- Umpire
- Born: January 13, 1914 Caracas, Venezuela
- Died: June 22, 2005 (aged 91) Caracas, Venezuela

LVBP debut
- 1946

Last LVBP appearance
- 1968

Member of the Venezuelan

Baseball Hall of Fame
- Induction: 2003

= Roberto Olivo =

Venezuelan baseball umpire

Roberto Olivo (January 13, 1914 – June 22, 2005) was an international baseball umpire. He was born in Caracas, Venezuela.

Olivo is regarded as one of the best umpires in Venezuelan baseball history. In a career that spanned 29 years, his fame spread among his colleagues in the Caribbean, Mexico and the United States, both for his proper personality and extensive knowledge of the game and its rules, earning the respect of players, managers, fans and baseball writers. A member of two Halls of Fame, he also umpired in two Baseball World Cups and several Caribbean Series.

Olivo was inclined towards outdoor activities and sports since he was 16. At school level he participated in basketball, track and field, swimming and volleyball. After graduating, he briefly attempted to play semipro baseball, but turned to umpiring when he was asked to fill in for an umpire that did not show up to a game.

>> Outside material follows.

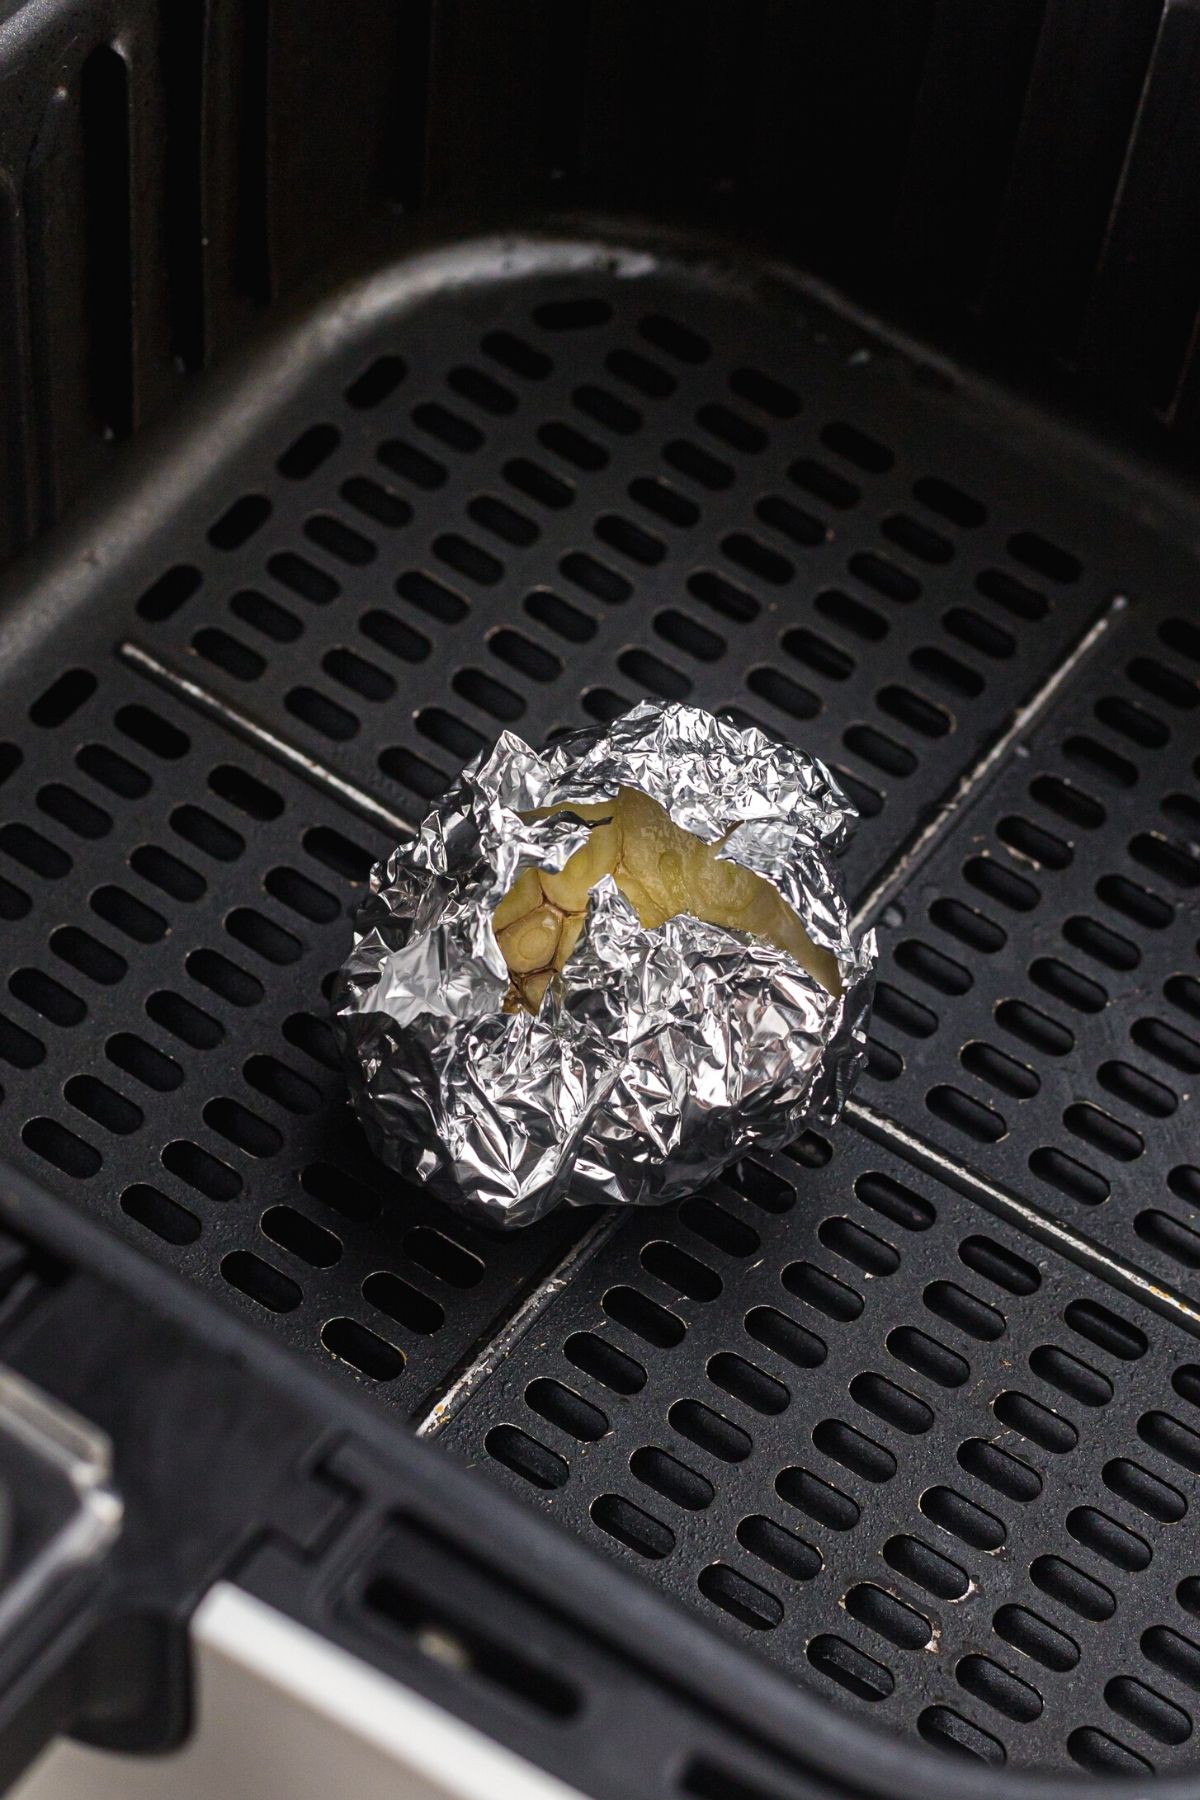 Bulb of garlic wrapped in foil in the air fryer basket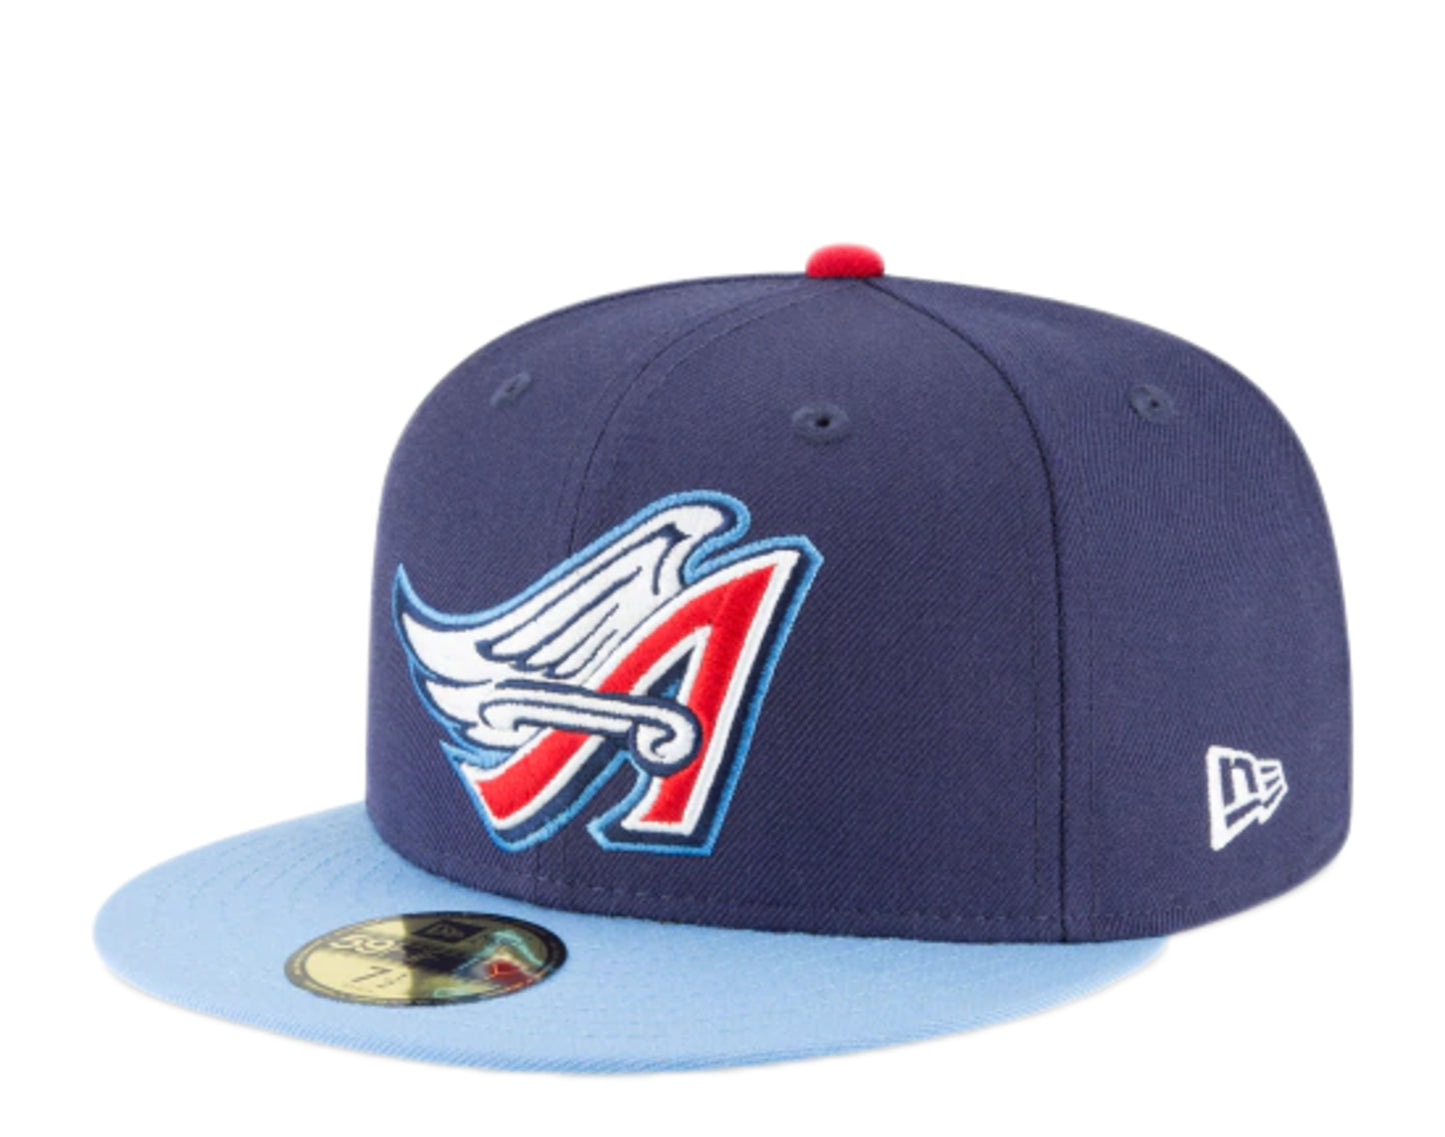 New Era 59Fifty MLB Anaheim Angels 1997 Cooperstown Fitted Hat

In those days, only two umpires covered typical regular games, and a player with a reputation for honesty might be pressed into service if one umpire became incapacitated. Olivo was asked to fill in one game and took to it well, being encouraged by a teammate to attend a professional umpire training school. He successfully made it through the school and worked his way to the Venezuelan Baseball First Division for the 1940 campaign. He then became a founding member of the Venezuelan Professional Baseball League, when the circuit joined organized baseball in 1946.

Olivo was nicknamed Tarzan for his impressive physique (He was about 6' 2", 220 pounds). It was an alias that he adopted and proudly used while umpiring in the Venezuelan league until 1968. In the interim, he also worked in the 1944 and 1945 Baseball World Cup tournaments and 11 Caribbean Series. Usually, he ran umpiring clinics and guided young umpires.

In addition, Olivo was the home plate umpire in four VPBL memorable games:

- On January 20, 1946, when Alejandro Carrasquel of the Navegantes del Magallanes won a 17-inning, complete game pitching duel against Roy Welmaker and the Sabios de Vargas by a score of 3–2.
- On December 15, 1955, when Lenny Yochim of the Leones del Caracas hurled the first no-hitter game in the league's history, defeating Ramón Monzant and the Navegantes del Magallanes, 3–0.

Furthermore, he also called balls and strikes in decisive games that gave the championship title both Magallanes (1949–1950) as the Leones (1952–1953).

In 1988 Olivo gained induction into the Venezuela Sports Hall of Fame. In 2003, he was enshrined in the Venezuelan Baseball Hall of Fame and Museum as part of their first class.

Olivo died at the age of 91 in Caracas, due to natural causes, and was buried at the Cementerio del Este in Caracas.